Cronaca Giostra / Via San Michele

Poggio dei pini senz'acqua, Amam: "Dimezzato il credito che ci spetta, assicuriamo fornitura minima"

Il complesso edilizio non riceve acqua da anni per un vecchio debito con l'azienda di viale Giostra. Cento famiglie fanno i conti con l'erogazione idrica ridotta. Puccio: "Abbiamo fatto il possibile per risolvere la questione"

L'Amam è pronta ad aiutare le 50 famiglie del residence "Poggio dei pini", da decenni costretti ad acquistare l'acqua da un privato per un contenzioso non risolto dal 1999 con l'azienda che gestisce la fornitura idrica cittadina. Sul piatto un debito di oltre 1 milione di euro che l'Amam, ricalcolando il credito, ha ridotto a 390mila euro.

Una cifra, che con l'Iva arriverebbe a toccare i 600mila euro,  sicuramente impegnativa che i residenti devono pagare per poter godere del servizio a pieno regime. 

"Conosciamo bene la situazione - spiega il presidente Amam Salvo Puccio - e la mia amministrazione è sempre stata favorevole a trovare un accordo. Nelle settimane scorse abbiamo convocato i rappresentanti del condominio comunicando la nostra volontà a ridurre il credito che ci spetta. Non abbiamo però avuto ancora risposte".

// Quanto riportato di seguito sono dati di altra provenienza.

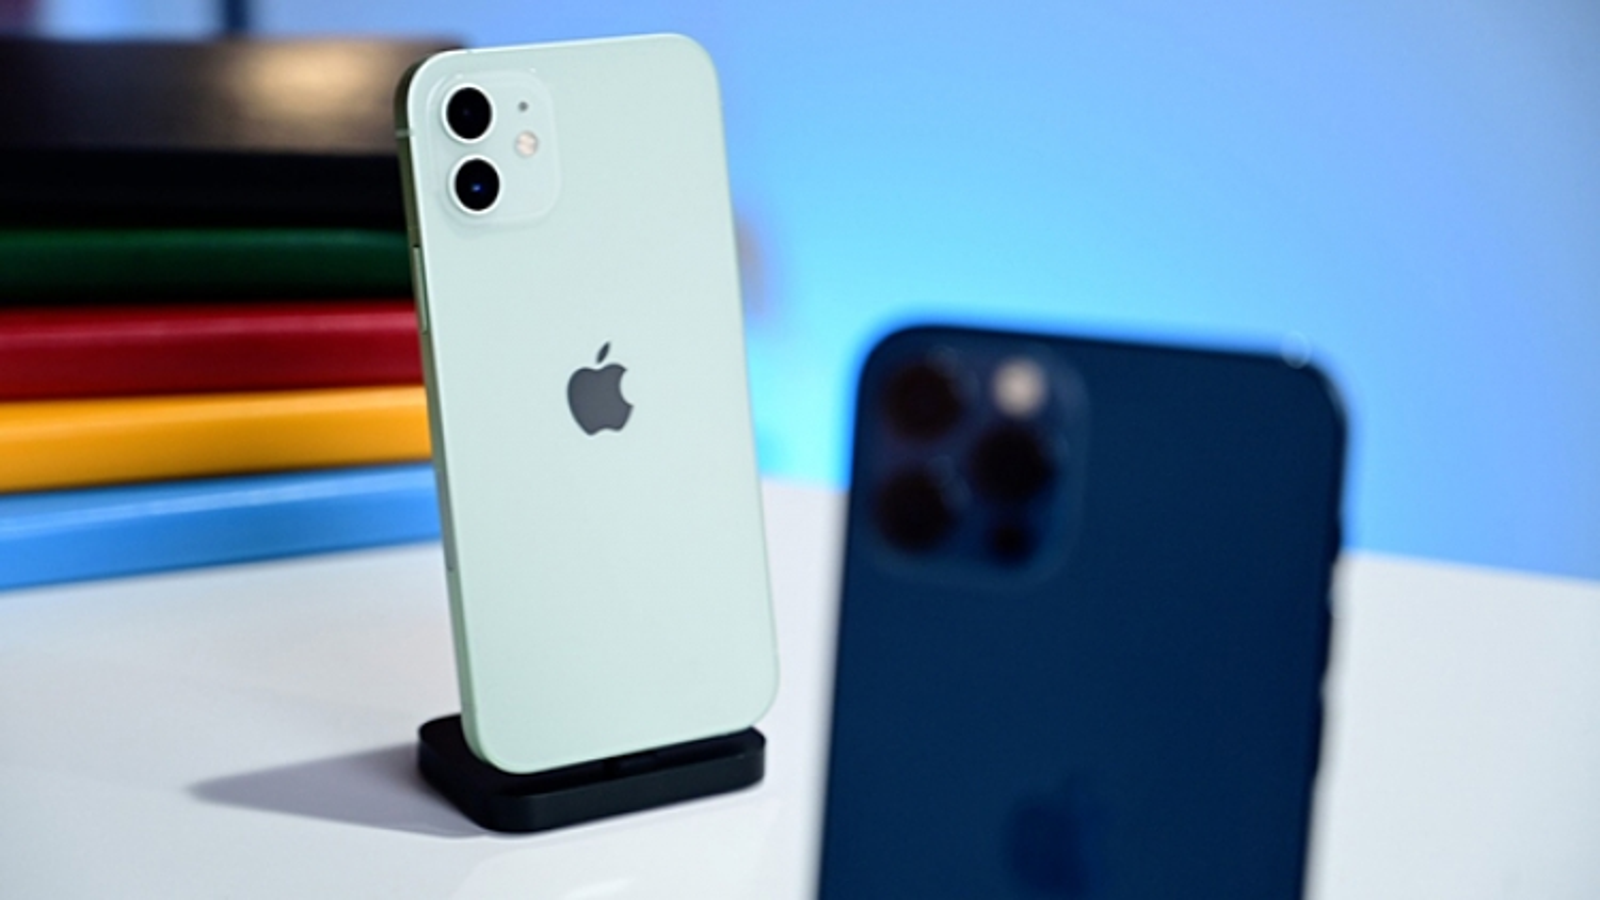 Làm sao để trở thành cao thủ chụp ảnh trên iPhone 12/iPhone 12 Pro?

Nel frattempo la stessa Amam ha eseguito alcuni interventi nello stesso residence. "Per venire incontro ai residenti del complesso edilizio - precisa Puccio - abbiamo effettuato dei lavori per eliminare delle perdite. Al momento il residence beneficia di una erogazione ridotta a tre metri cubi come da carta dei servizi. E' una prassi per chi ha un contenzioso per morosità. La bozza di transazione è stata definita il mese scorso, la palla adesso passa agli abitanti del Poggio dei pini".

Intanto, alcuni residenti, tra cui anziani e cardiopatici,  hanno invocato l'aiuto del sindaco per risolvere la questione., sottolineando i disagi a cui vanno incontro ogni giorno e i rischi igienico-sanitari causati dalla penuria d'acqua. 

Una storia sfortunata quella del "Poggio dei pini", in parte sequestrato e dichiarato inagibile per i crolli che negli anni si sono verificati nell'area. Ben venticinque anni fa fu avviata una procedura fallimentare e si aprì un'inchiesta giudiziaria che coinvolse i titolari delle due imprese responsabili della costruzione e della successiva vendita degli appartamenti. Inchiesta poi finita con l'assoluzione degli imputati.